Open cfriedt opened 4 years ago
Here is a potential candidate for speeding up compile-time const reflections. Of course, runtime reflections would be better suited to machine-specific instructions / inline assembly.
constexpr uint8_t bitrev4(const uint8_t& nibble) {
const uint8_t lut[] = {
/* [0b0000] = */ 0b0000,
/* [0b0001] = */ 0b1000,
/* [0b0010] = */ 0b0100,
/* [0b0011] = */ 0b1100,
/* [0b0100] = */ 0b0010,
/* [0b0101] = */ 0b1010,
/* [0b0110] = */ 0b0110,
/* [0b0111] = */ 0b1110,
/* [0b1000] = */ 0b0001,
/* [0b1001] = */ 0b1001,
/* [0b1010] = */ 0b0101,
/* [0b1011] = */ 0b1101,
/* [0b1100] = */ 0b0011,
/* [0b1101] = */ 0b1011,
/* [0b1110] = */ 0b0111,
/* [0b1111] = */ 0b1111,
};
return lut[nibble & 0xf];
}
constexpr uint8_t bitrev8(const uint8_t& byte) {
return
0
| (bitrev4(byte >> 0) << 4)
| (bitrev4(byte >> 4) << 0)
;
}
template <typename T>
constexpr T bitrev(const T& x)
{
constexpr size_t N = sizeof(x);
T y(0);
for(uint8_t k = 0; k < N; ++k) {
uint8_t a = x >> (k * 8);
uint8_t b = x >> (N - k - 1);
b = bitrev8(b);
a = bitrev8(a);
y |= T(b) << (k * 8);
y |= T(a) << (N - k - 1);
}
return y;
}
Ultimately we would like to avoid reflecting input at runtime.

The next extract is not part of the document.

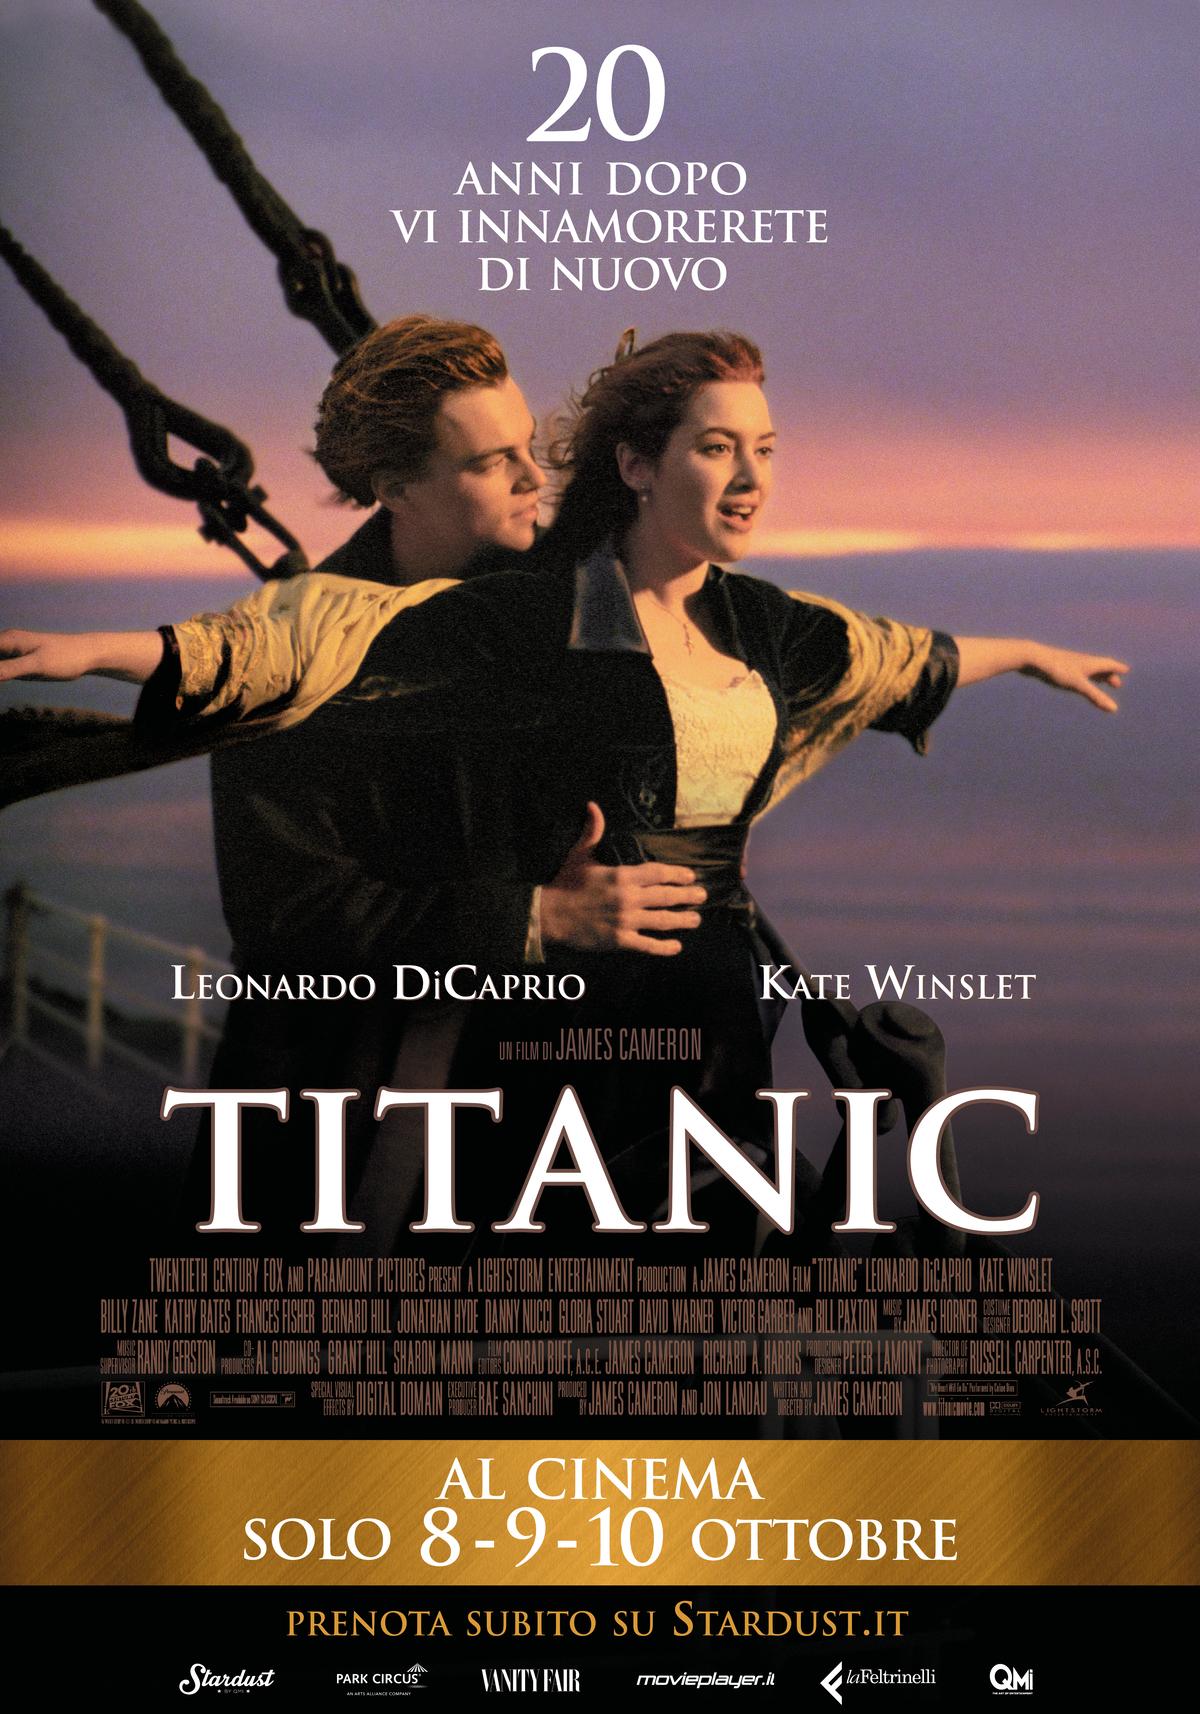 Titanic (riedizione)
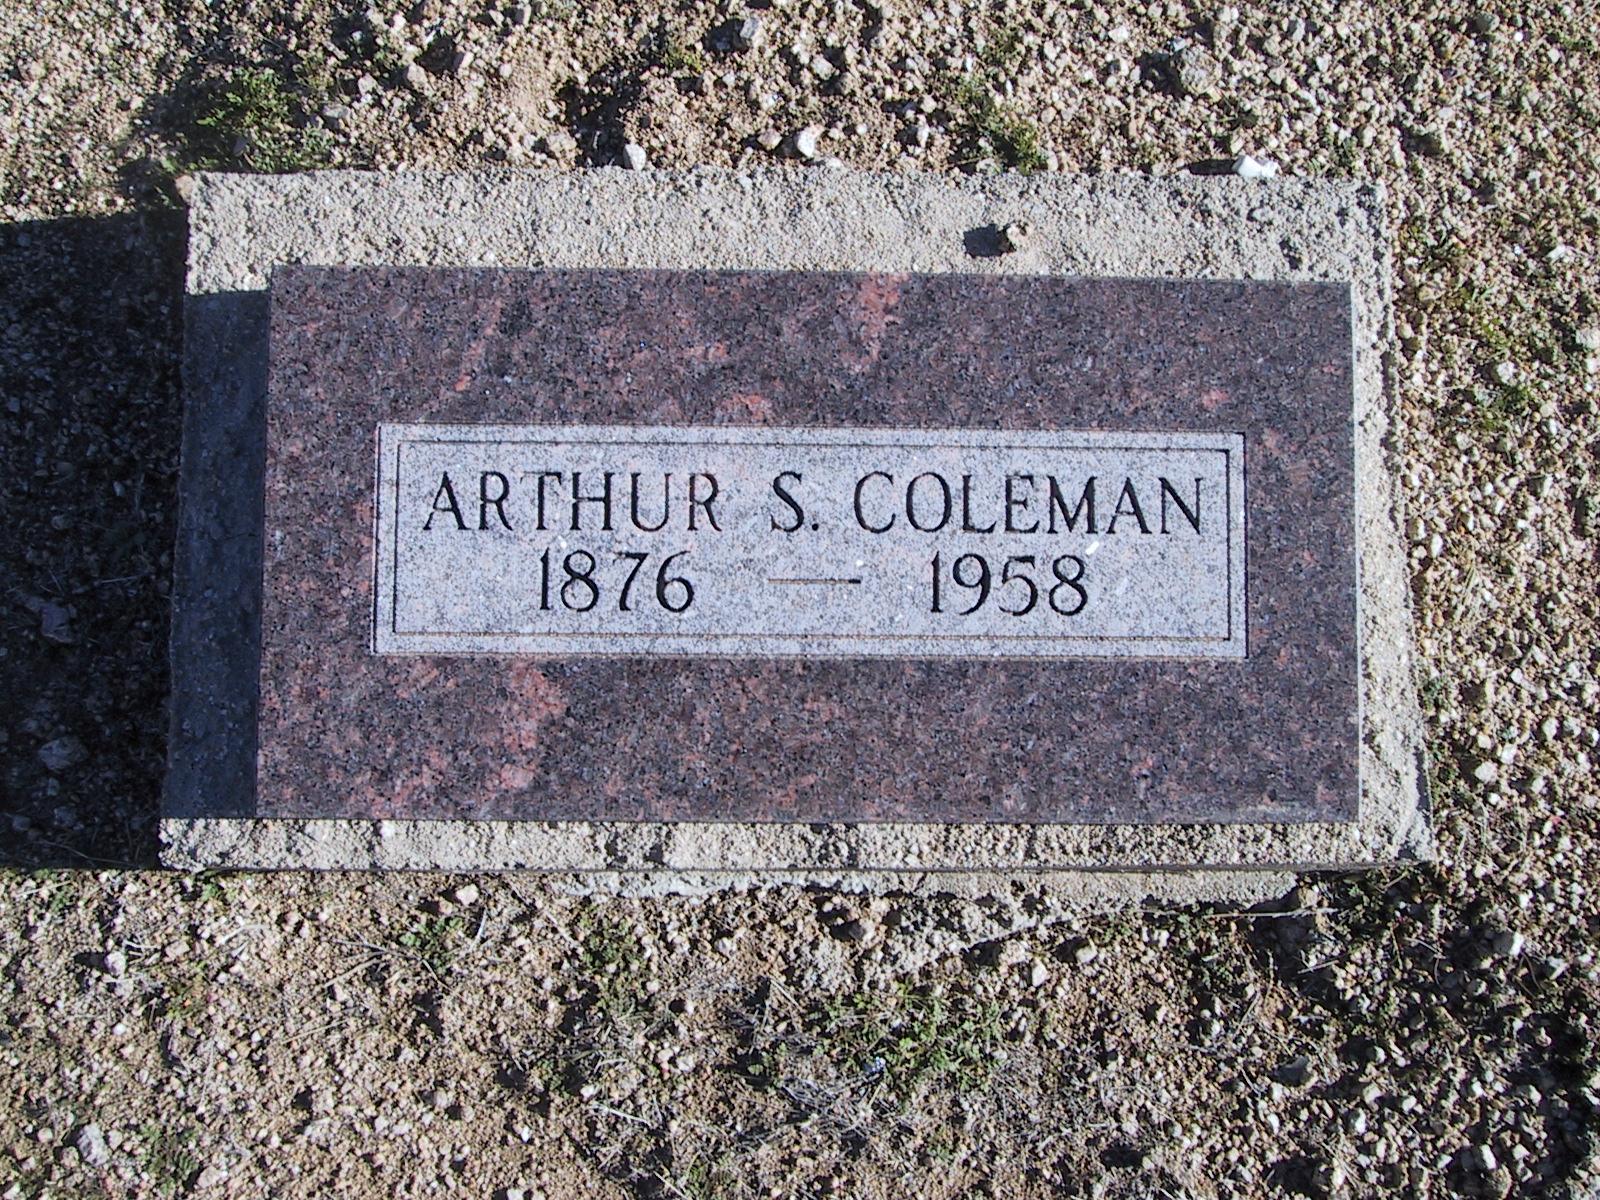 Arthur S. Coleman 1976-1958

There is a special case highlighted in #63 - where "reflected tables" are generated instead of specifying "reflect input" and "reflect output".
The generated table is entirely incompatible, but it eliminates any computationally expensive runtime reflection for that special case.

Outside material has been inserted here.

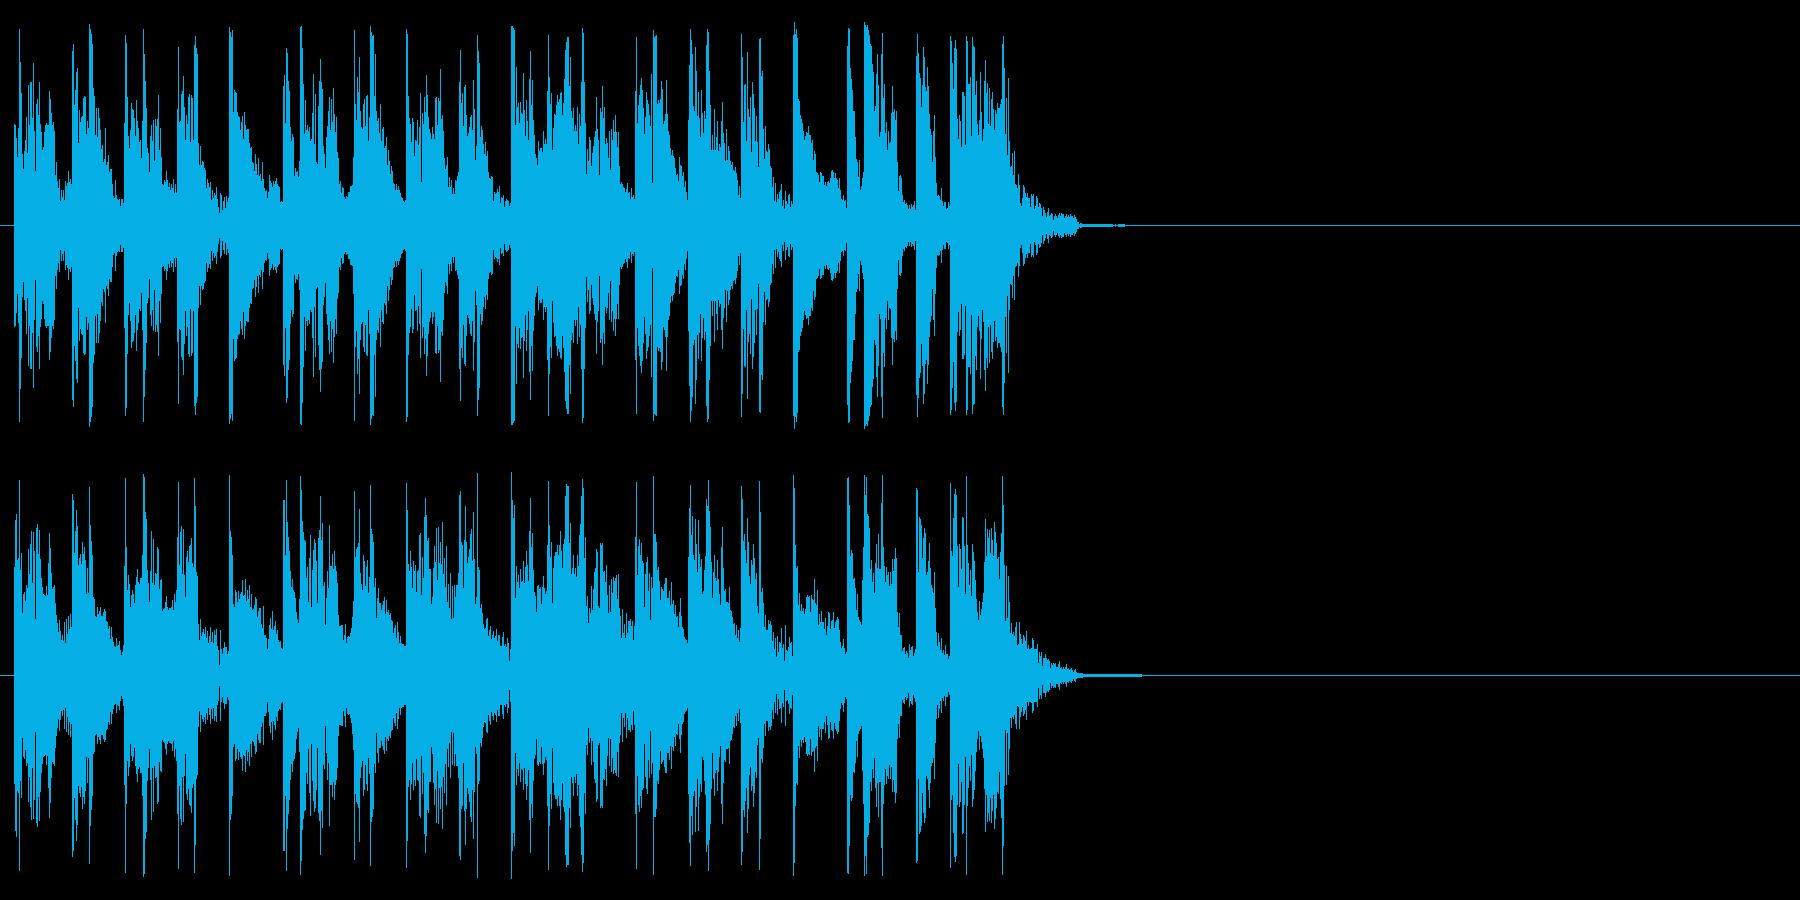 知識 クイズ 挑戦 結果発表 スリルの再生済みの波形

There is a pretty simple way to optimize
reflect()
in the case where N (the number of bits) is a multiple of 4 (or 8). We can use a LUT of length 16 (or 256) where each entry in the LUT is simply the bit-reversed entry of its index. This would mean that allreflect()
calls would beO( log( N ) )
operations rather thanO( N )
. Possibly for embedded systems we may want to use a LUT of length 16, but on most systems 256 bytes is nothing significant.At runtime, reflect could be optimized by using machine-specific instructions. E.g. on ARM this would correspond to
RBIT
and onx86_64
this would correspond to ??. There is a longstanding bug in GCC to provide a compiler builtin specifically for this purpose.https://gcc.gnu.org/bugzilla/show_bug.cgi?id=50481
It would be nice to quantize the speedup as well. That will likely involve pre-generating a significant amount of random data of varying word-lengths and then calling the function repeatedly, then dividing the total execution time by the number of calls made to
reflect()
.Doing this with C++ templates is pretty straight forward. I would like to look into C11 generics (issue #13) before this is done though, since that could simplify the C API.